在ggplot 中,我们可以使用geom_bar 来画柱状图。
但默认下,柱状图并不需要定义y,我们只需要制定相应的x 或进一步的分组(fill 等),就会对数据进行计数。
但在某些情况下,我们的数据框可能非常大,这时候就可以自己进行计数,然后告诉ggplot 即可。
有两种指定y 的方式:
geom_col
geom_bar(stat = 'identity')
它们的结果都是一样的。
那么该如何分组计数呢?
也非常简单,tidyverse 套件提供了group_by 分组以及summarise 函数,使用n() 计算。
或者直接基础的table 搞定:
## count variant in each sample
tmp1 <- table(mutation_number_order$name, mutation_number_order$Variant_Classification)

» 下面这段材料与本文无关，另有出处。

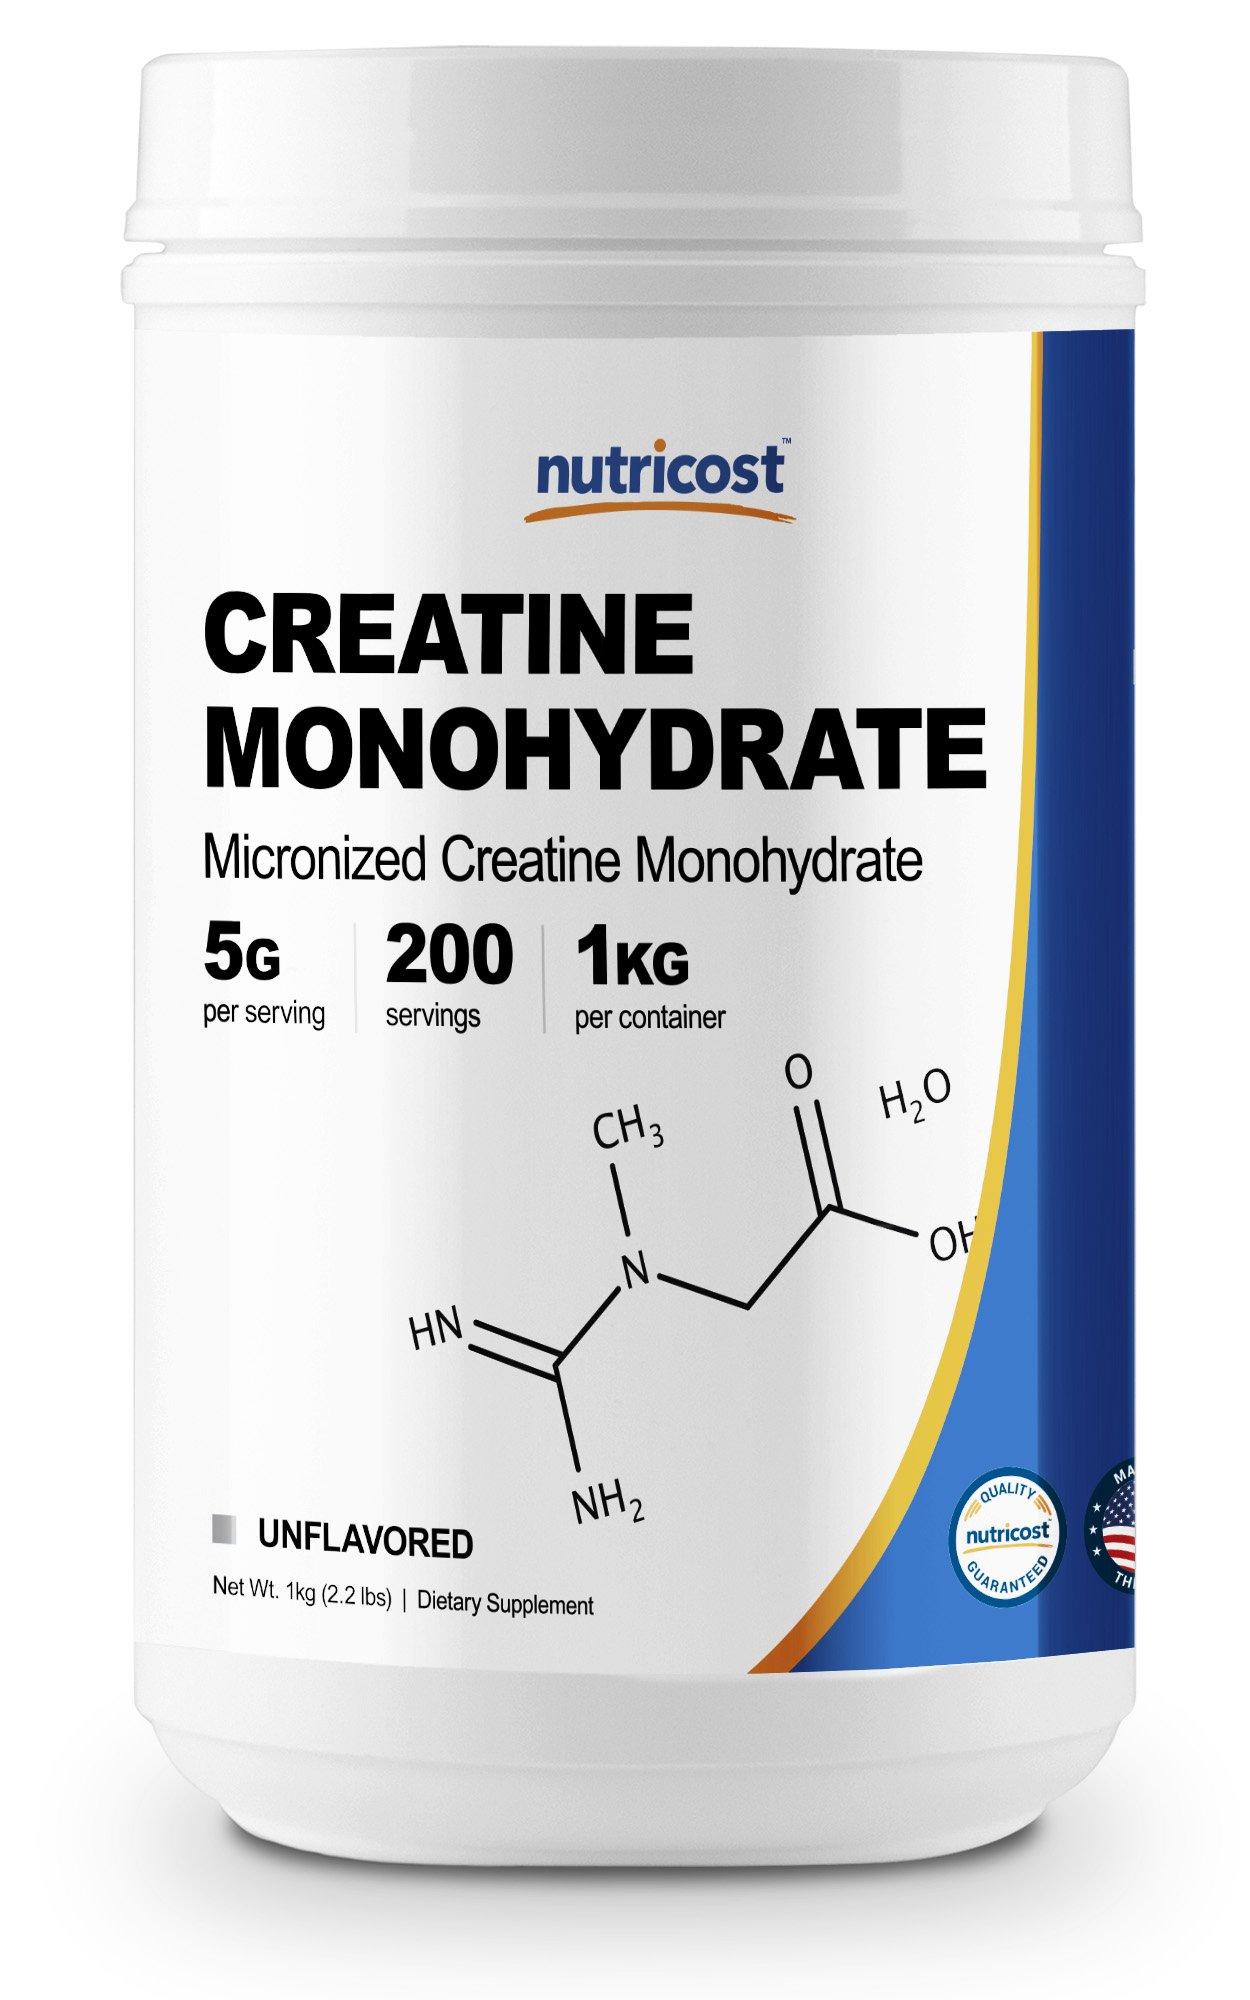 Nutricost Creatine Monohydrate Micronized Powder (1 KG) - Pure Creatine Monohydrate by Nutricost

tmp1 <- as.data.frame(tmp1)
colnames(tmp1)[1:2] <- c("name", "Variant_Classification")
> head(tmp1)
name Variant_Classification Freq
1 S110011502DT Frame_Shift_Del 38
2 S110011501DT Frame_Shift_Del 41
3 S110020203DT Frame_Shift_Del 36
4 S110030206DT Frame_Shift_Del 43
5 S110030801DT Frame_Shift_Del 50
6 S110020201DT Frame_Shift_Del 49
合并到原表格中,直接画就完事了:
## count variant in each sample
tmp1 <- table(mutation_number_order$name, mutation_number_order$Variant_Classification)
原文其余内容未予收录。